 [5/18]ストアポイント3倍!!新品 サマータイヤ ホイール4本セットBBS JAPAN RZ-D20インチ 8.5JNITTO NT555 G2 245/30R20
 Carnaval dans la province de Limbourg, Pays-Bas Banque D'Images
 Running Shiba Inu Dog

□ □ □

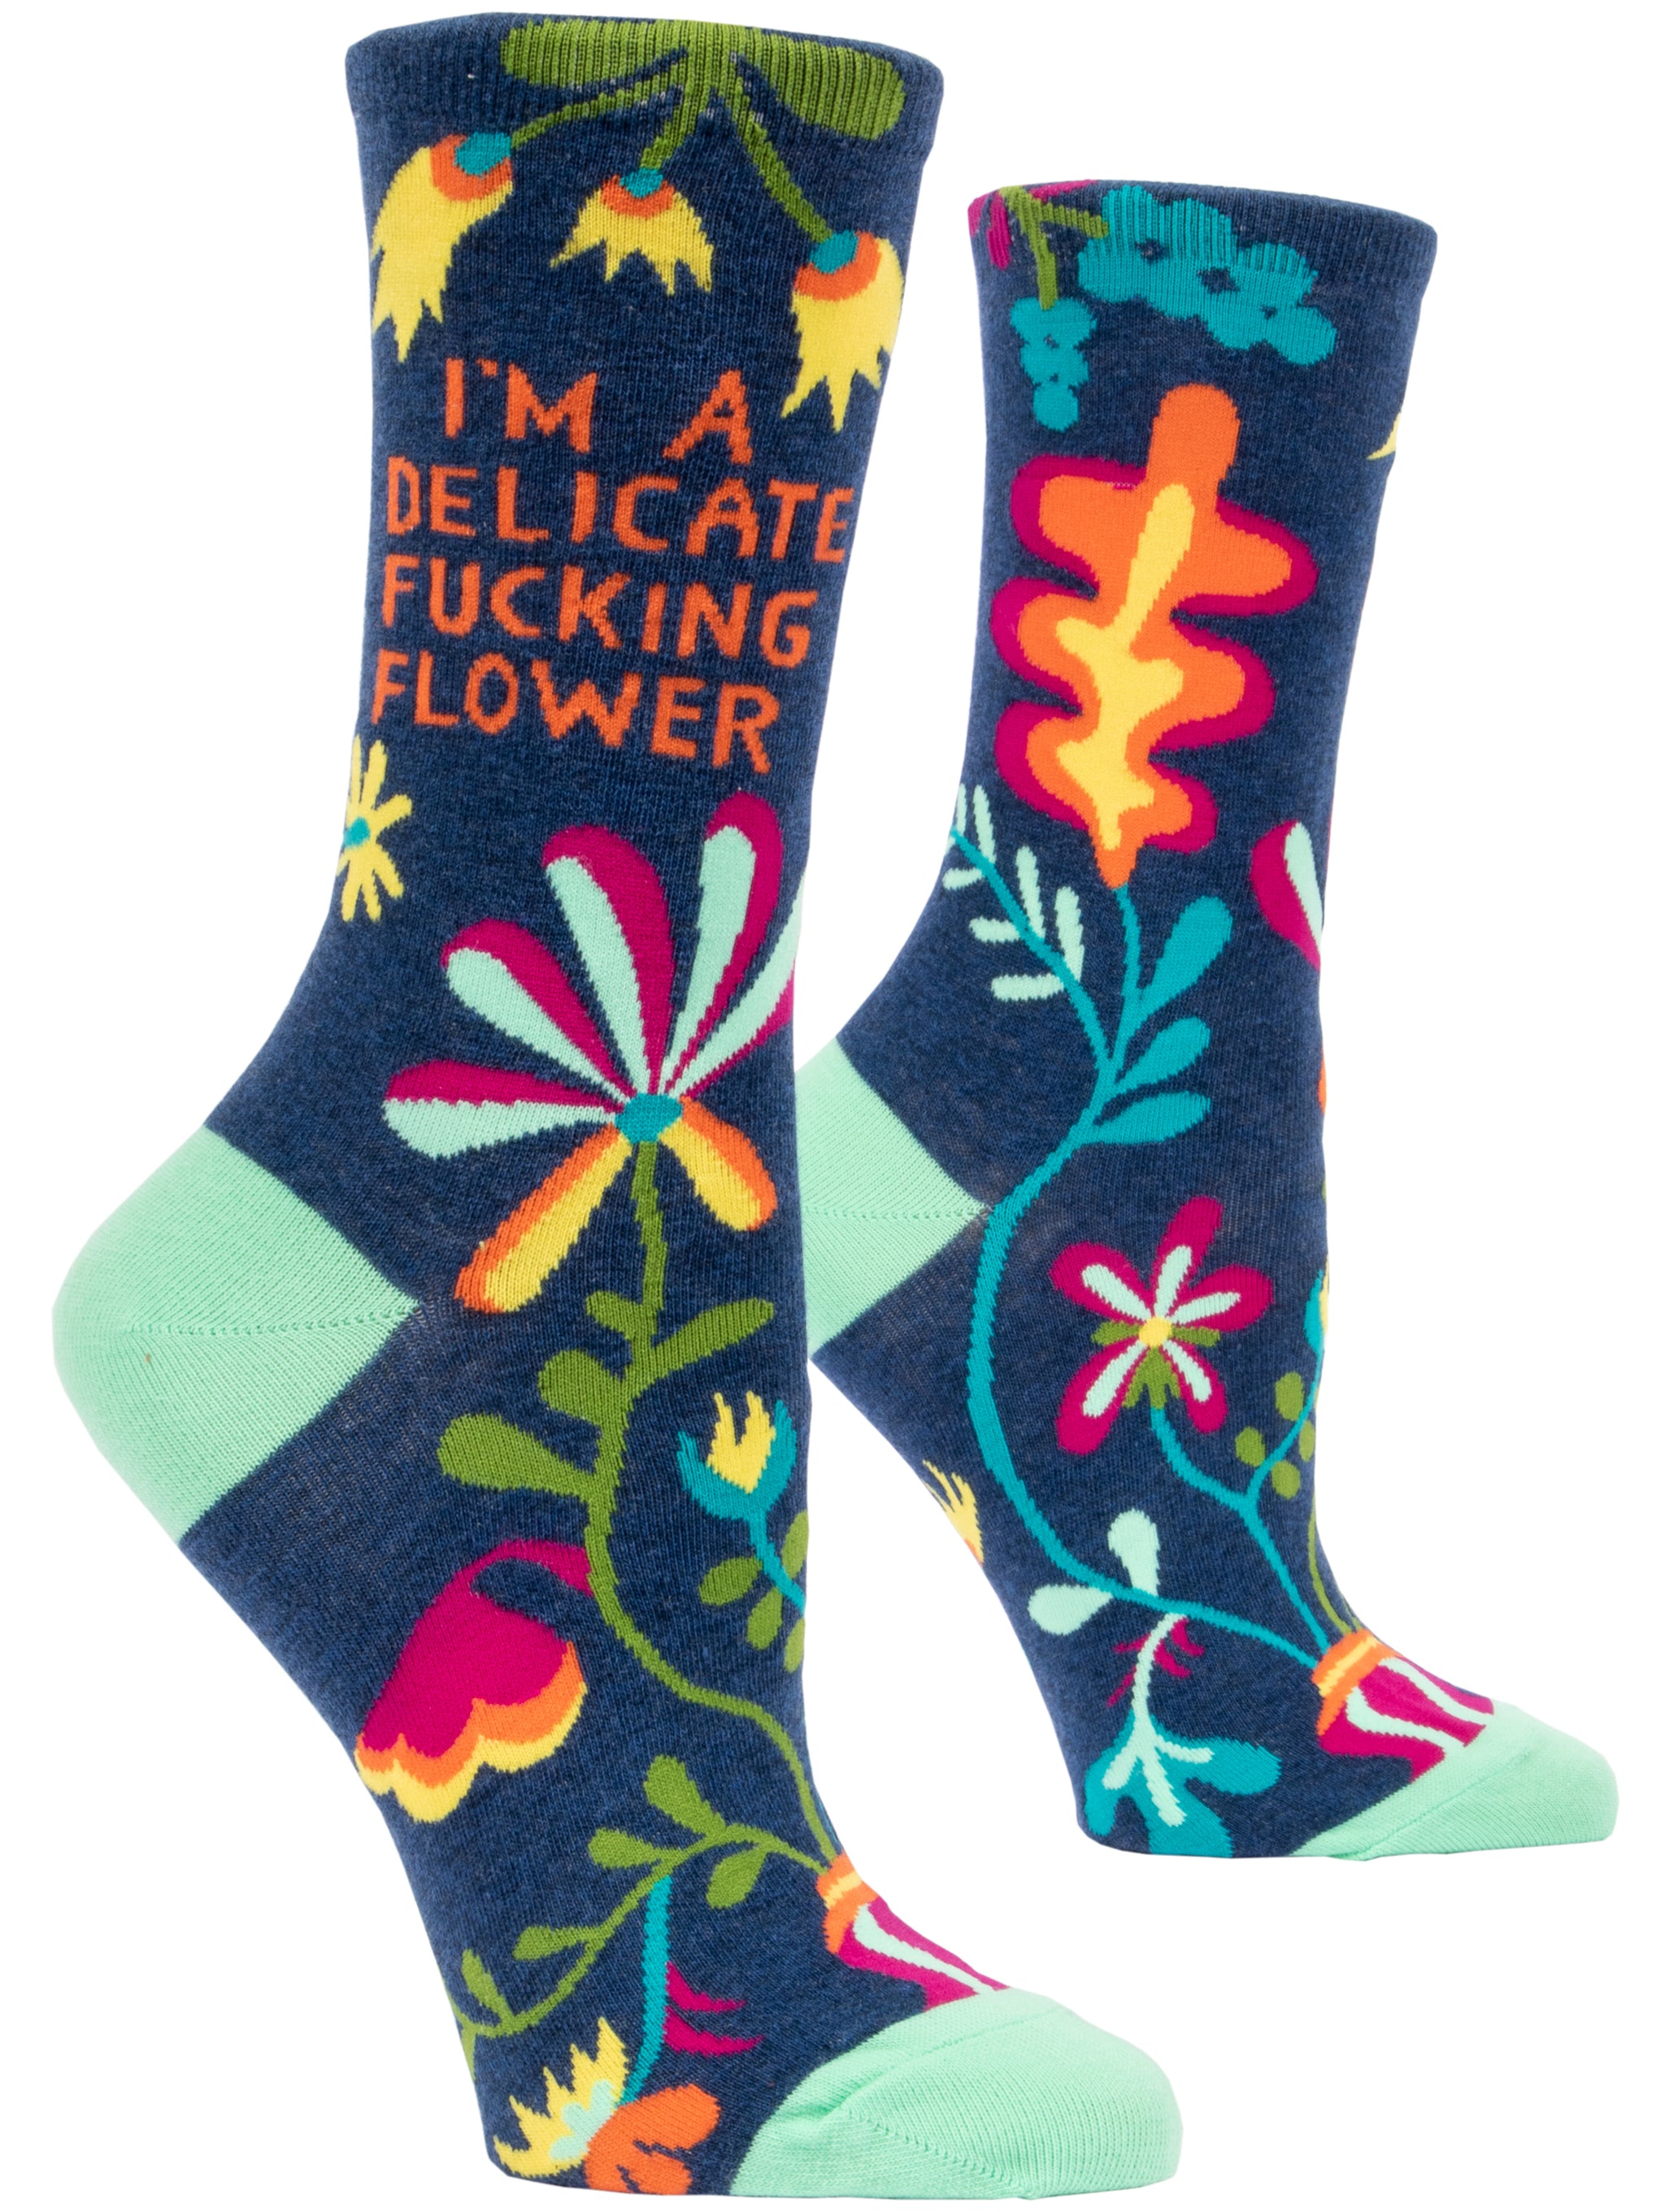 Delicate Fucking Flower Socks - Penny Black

□ □ □

WHAT IS REQUIRED: Within the data above, the lines from the one with "Carnaval dans la" to the one with "Running Shiba Inu Dog" must be repeated exactly; no other line belongs in the answer.

ANSWER TO THE EXERCISE:
 Carnaval dans la province de Limbourg, Pays-Bas Banque D'Images
 Running Shiba Inu Dog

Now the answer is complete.